The Employment Judge's Reasons
"9…. Section 104(1)(b) requires an allegation "that the employer had infringed a right of his which is a relevant statutory right." The use of the past tense is significant. The right in question is the right not to suffer an unfair dismissal. If the assertion of this right can only be made after the dismissal it cannot then be relied on as a reason for dismissal. This interpretation prevents what I regard as a circular argument. Otherwise it could be said on any occasion when an employee complains that a dismissal would be unfair that they were dismissed for asserting a statutory right, and thus avoid the need for any period of qualifying service. That argument is unsustainable and that claim is therefore struck out as having no reasonable prospect of success."
Submissions
"Although it may be objected that the assertion of a future infringement of the right not to be unfairly dismissed will tend to lead to a circular argument (particularly where the complainant can only assert a right not to be unfairly dismissed if s/he can establish that the dismissal is for an automatically unfair reasons such as the assertion of an infringement of a statutory right), that would not be the case in respect of the assertion of an infringement of other statutory rights; the construction the ET has adopted would also apply (for example) to the assertion of a future infringement of the right not to suffer an unauthorised deduction of wages. It seems to me that the appeal thus raises a reasonably arguable question of construction…"

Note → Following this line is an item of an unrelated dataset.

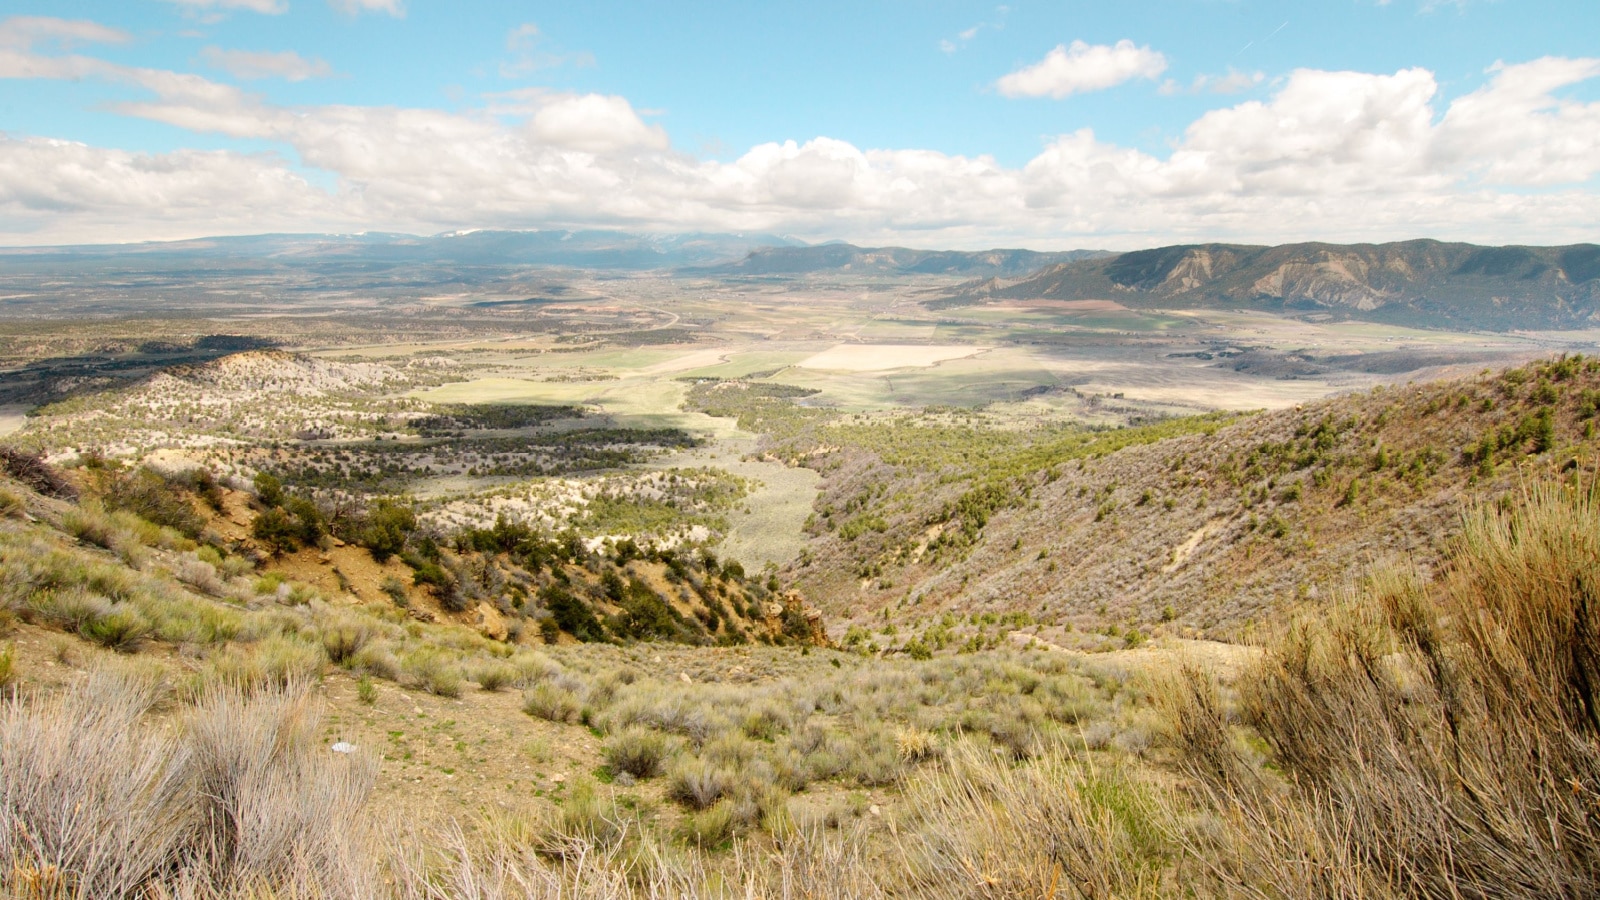 Mancos Valley Overlook of the Colorado desert

Discussion and Conclusions
"28.…. On this point I agree with the Employment Appeal Tribunal that the industrial tribunal were wrong to construe s.60A as confined to cases where the right under the Wages Act had been infringed. It is sufficient if the employee has alleged that his employer has infringed his statutory right and that the making of that allegation was the reason or the principal reason for his dismissal. The allegation need not be specific, provided it has been made reasonably clear to the employer what right was claimed to have been infringed. The allegation need not be correct, either as to the entitlement to the right or as to its infringement, provided that the claim was made in good faith. The important point for present purposes is that the employee must have made an allegation of the kind protected by s.60A; if he had not, the making of such an allegation could not have been the reason for his dismissal."
"(3). Reverting to s.60A, subsection (1)(a) applies where the employee has brought proceedings against the employer to enforce a relevant statutory right. That would cover, inter alia, a complaint to an industrial tribunal under s.5 of the Wages Act.
(4). However, s.60A(1)(b) goes further. It is enough that the employee alleges in good faith that his employer has infringed a relevant statutory right. There is no requirement that the employer has actually infringed the statutory right (s.60(A)(2)).
(5). Thus, in this case, if the facts be that the employer sought by threat of dismissal to impose a variation of the contract of employment to incorporate a term which negated the employee's statutory right not to suffer a reduction of wages without his freely given consent, that is, or might be, an infringement of his statutory right at the time when the threat is made, bearing in mind the words of s.60A (2)."